Once again I am getting up at an ungodly hour of the morning to cover another Bird Count story.
This particular event, however, is unusual because it’s taking place for the first time, not somewhere on the outskirts of the big city, but in the Sierra del Águila, a mountain range near Ahualulco, where the world-famous Piedras Bola or Great Stone Balls are located (60 kilometers west of Guadalajara).
Julio Álvarez is a resident of Ahualulco and a self-made bird watcher – “the very best birder in Jalisco,” several people have told me. So, it’s no wonder Álvarez worked hard to set up an official Bird Count in the Sierra del Águila (the mountain range of the eagle), a place he has been in love with all his life.
“I was happy to participate in the counts near Guadalajara,” he told me, “but the mountains near my home are filled with an amazing variety of bird species and really deserve a place in the Conteo de Aves.”
The annual bird register was started in 1900 by U.S. ornithologist Frank Chapman in response to a custom hunters had in those days of shooting as many birds as they could for Christmas. Last year, the National Audubon Society listed 2,505, 24-kilometer-wide bird observation circles around the world with 76,669 observers out in the field, and they counted 58,878,071 birds of 2,607 species.

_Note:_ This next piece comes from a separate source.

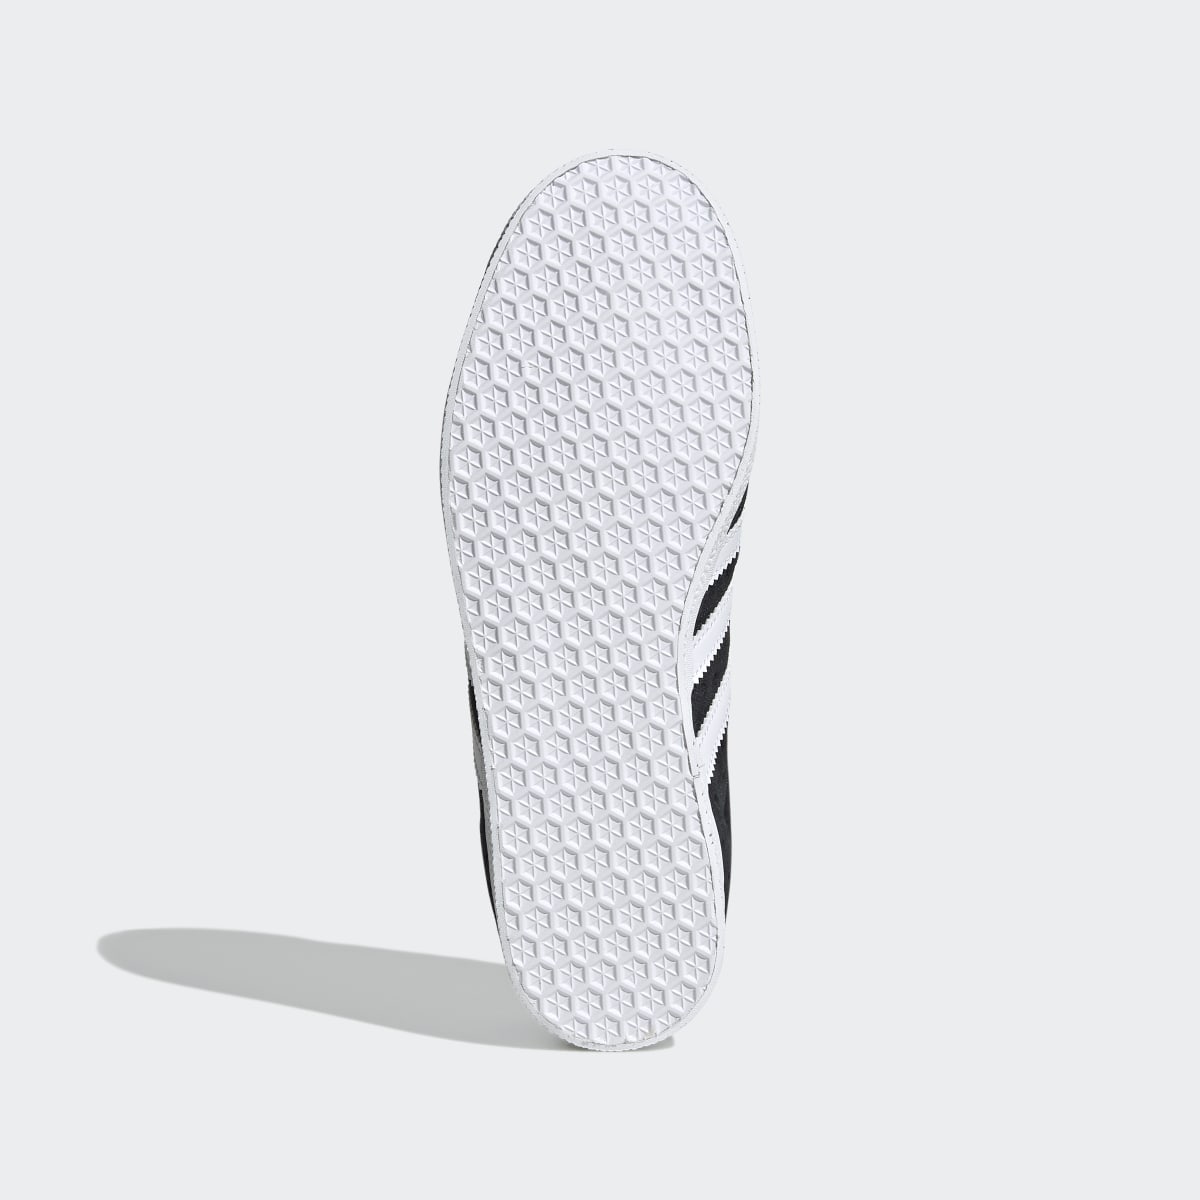 Adidas Gazelle Schuh. 4

Álvarez’ circle in the Sierra del Águila brings the total number of bird-counting circles in the state of Jalisco to six.
I found Álvarez and 19 other birders wrapped in winter coats and shuffling their feet to keep warm in the plaza of Ahualulco. “We’re going to break up into three groups,” Julio announced. “One to the area of the Piedras Bola, one to Arroyo El Carrizal and the other to Las Pilas.”
Since I had never visited Las Pilas, I joined that team, headed by birder and nature photographer Carlos Contreras. “Every bird we see along the way counts,” announced Carlos once we were on a dirt road heading west into the hills.